Calling this “theater critic” politics is close, but Hollywood idealism might be even closer. What Klein seems to be looking for is a legend, not a person, an icon, not a politician. He wants a West Wing-style politics of passion. He wants candidates who are crafted literary characters with the spontaneous wit and brilliance of a team of seasoned screenwriters, who run campaigns with human vigor and maybe a bit of personal folly. Not soap operas (which often provide sideshows now), but classy, literate dramas for the latte set—an urban liberal’s fantasy universe of intellectual excitement and world-changing decisions.

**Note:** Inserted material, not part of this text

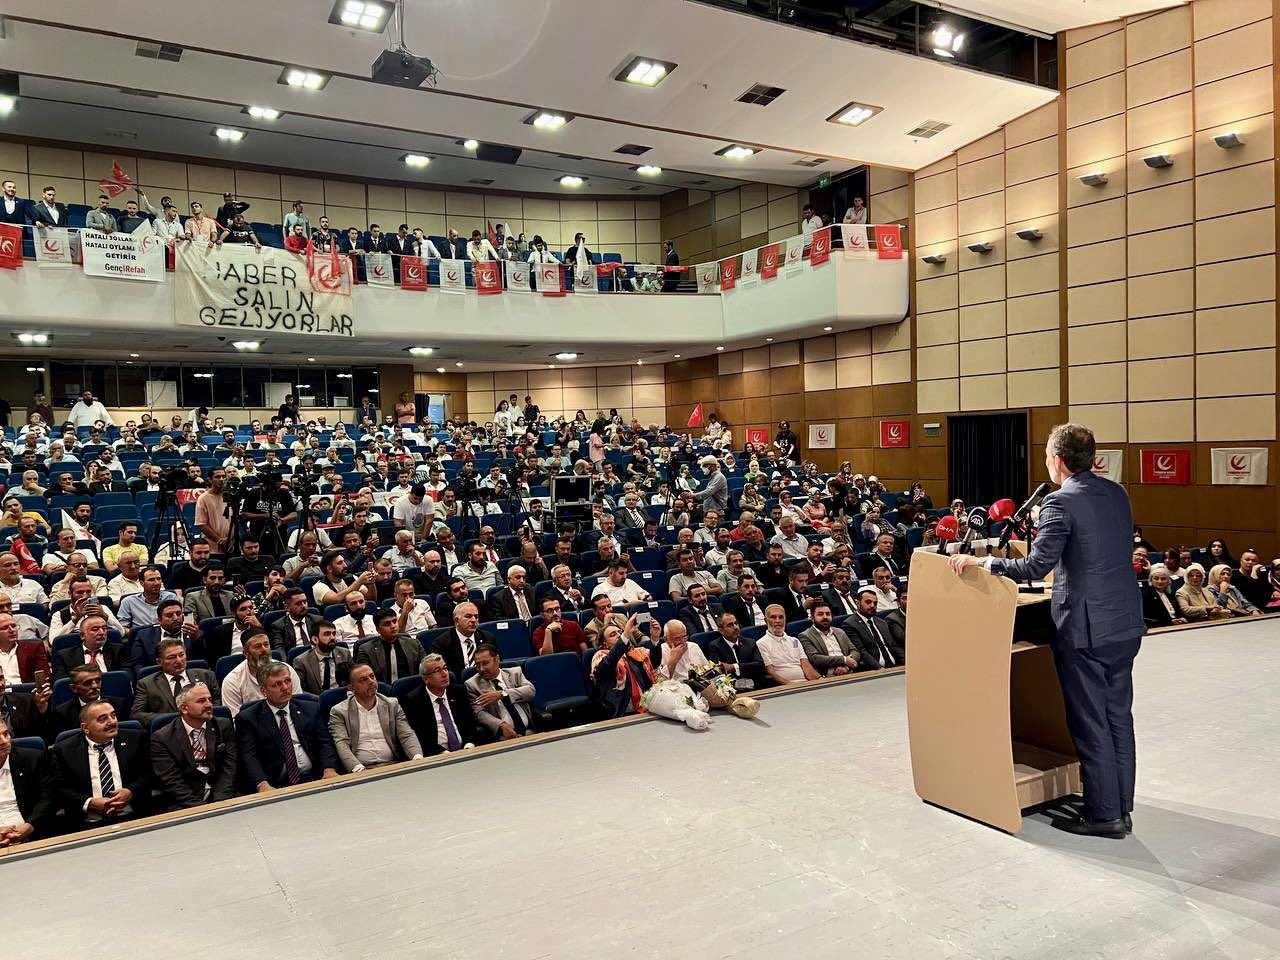 Yeniden Refah Partisinin 2. olağan kongresi İzmir’de gerçekleştirildi

Unfortunately for Klein, the business of government is far less sexy than the zesty dramas he imagines, and when candidates and campaigns that approach his view do pop up, they’re outlandish and untenable. He hails Kennedy, McCain, and Dean as examples. But McCain and Dean failed, and their failures had much to do with the fact that they did what Klein wants and made things personal. Personal devotion and "authenticity" look great on screen, but campaigns are more often won by a combination of strategy, doggedness and focused messages, not stirring conviction. Kennedy, on the other hand, is so enmeshed in myth and legend that it’s difficult to remember that he too was just a man who made many mistakes. Out collective memory has enshrined him in glamour, cutting away the mundane; was he really such a towering figure in his own day? Death has a way of obscuring memory.

Films, TV and novels, it’s no secret, idealize political life, prizing personal fervor and authenticity, grand pronouncements and heart-wrenching last minute resolutions. As Jonah Goldberg recently wrote, “in Hollywood’s Washington, speeches are usually a substitute for action.” Klein champions a politics of superficial glitz and show, but as every good critic will tell you, all the show in the world is worth approximately zilch unless it’s about something.